# Pickerel Creek Hunt up for grabs



## Steelheader88 (Aug 14, 2008)

Hey guys, do to my hunting partner backing out, It is first come first serve for a online won permit for opening day at Pickerel creek spot #41. Meet me at my house or in near Parma, ohio location and I'll sign it over to ya, not for sale but maybe a box of shells or duck loads would be fine, if not that's ok too. just want to see someone use it. e-mail me at [email protected] I'll try and keep this civil but first come first serve. Id like to get this over with today, Wednesday.


----------



## ducksdemise (Sep 15, 2004)

41 is the primo spot right next to Ottawa gun club!!!!!!!!!!
To bad I gave up wterfowl hunting.


----------



## BuckeyeHunter (Nov 5, 2008)

I sent you an email


----------



## freyedknot (Apr 10, 2004)

D.D. is right on about that being the prime area. i would find someone to go. like a wife or even a bum.


----------



## BuckeyeHunter (Nov 5, 2008)

Another idea for you - like I said in the email my plan was to hunt Resthaven for awhile in the morning before taking our boat in Sandusky out for the year so I'm going to be there regardless. If you want to go but just don't want to go alone I might be able to work something out with you.


----------



## DuckMan1006 (Sep 16, 2011)

I hunted at Pickerel in early teal / goose. It was a nightmare... 90+ degrees. Right after we started picking up the geese tried to land on us, and then right at dusk when we were picking up we heard what we thought was a train... then realized it was mosquitos! I think I lost a pint of blood... and swallowed about a gallon of bug spray fogging myself.

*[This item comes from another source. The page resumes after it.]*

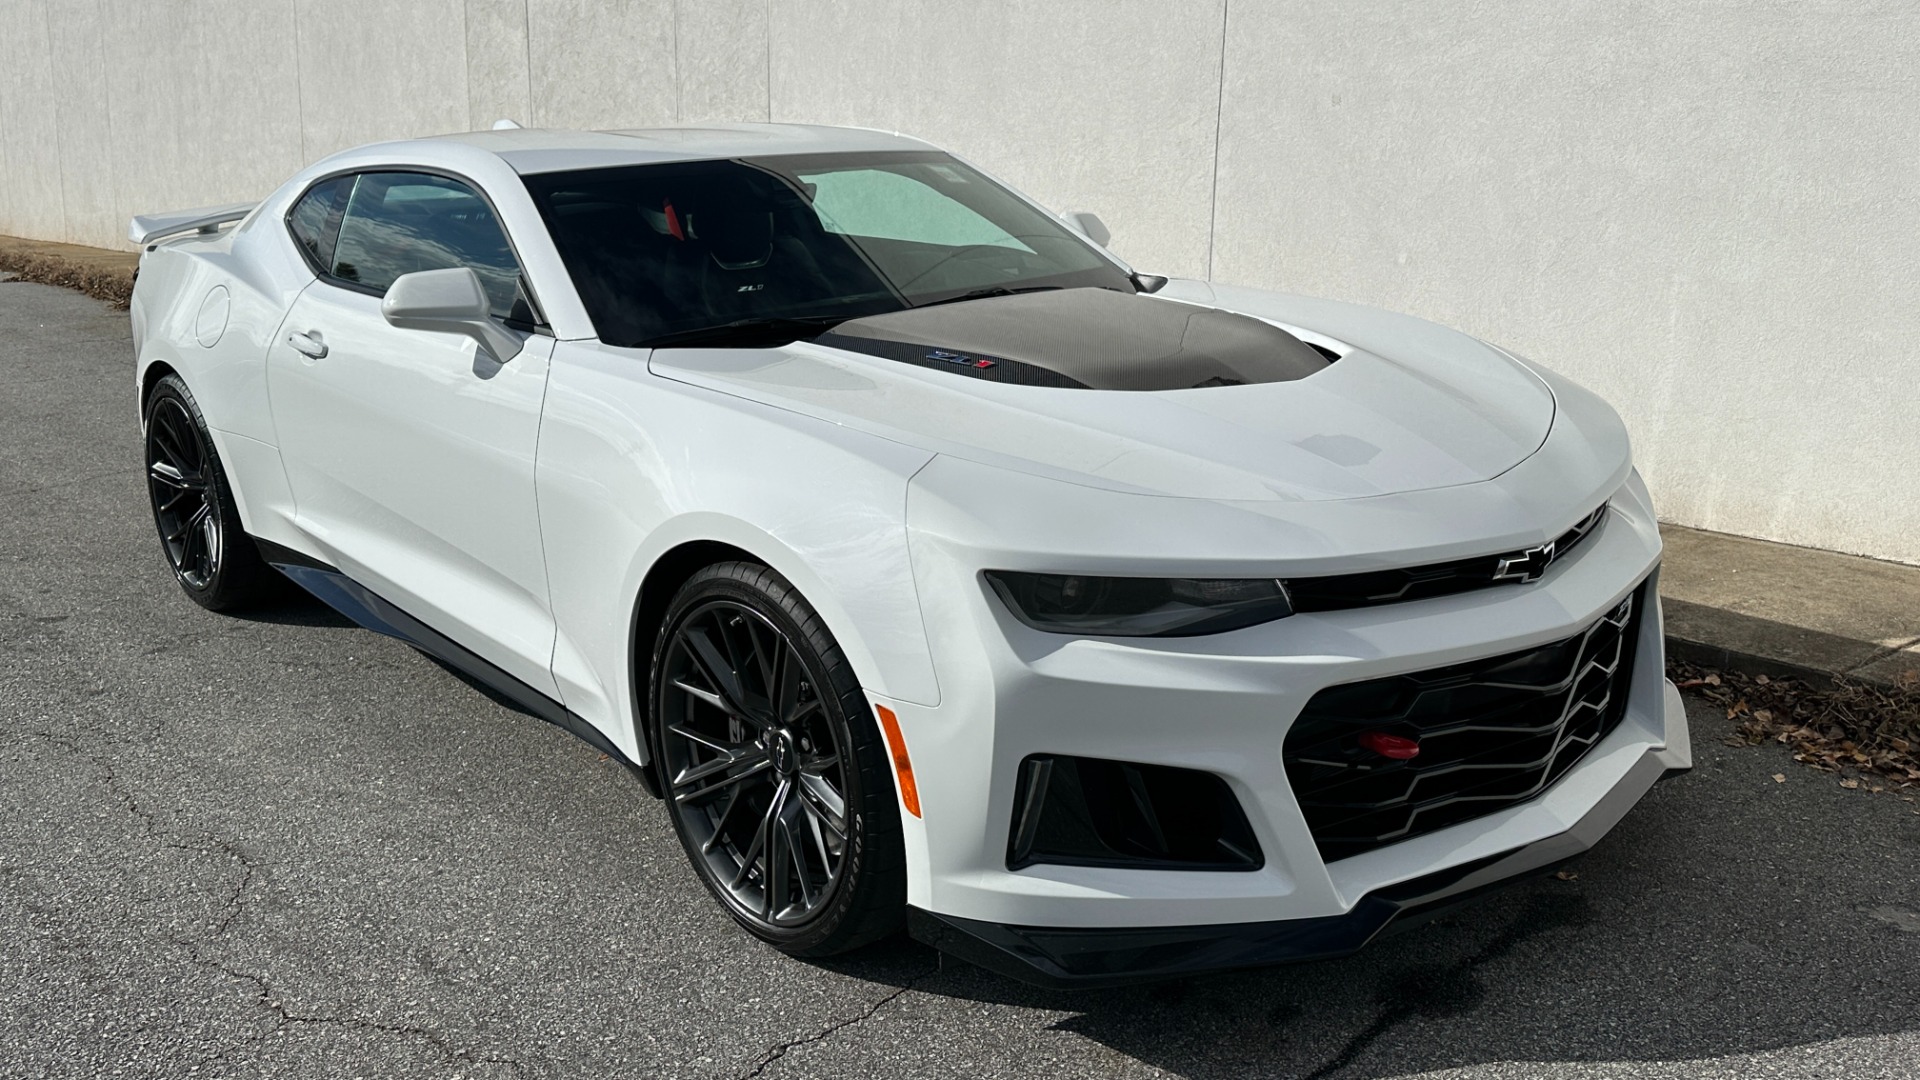 Used 2020 Chevrolet Camaro ZL1 / SUPERCHARGED / CARBON FIBER / RED SEAT BELTS / RECARO SEATING / 10SPD for sale $66,995 at Formula Imports in Charlotte NC 28227 7

I would love to hunt that place in colder weather though... saw tons of birds.


----------



## Steelheader88 (Aug 14, 2008)

thanks for the replies guys, the permit has been transferred. Between school and being pretty busy i didnt have a chnace to properly scout or prep for it, along with the partner problem. Good luck to you all on opening day.


----------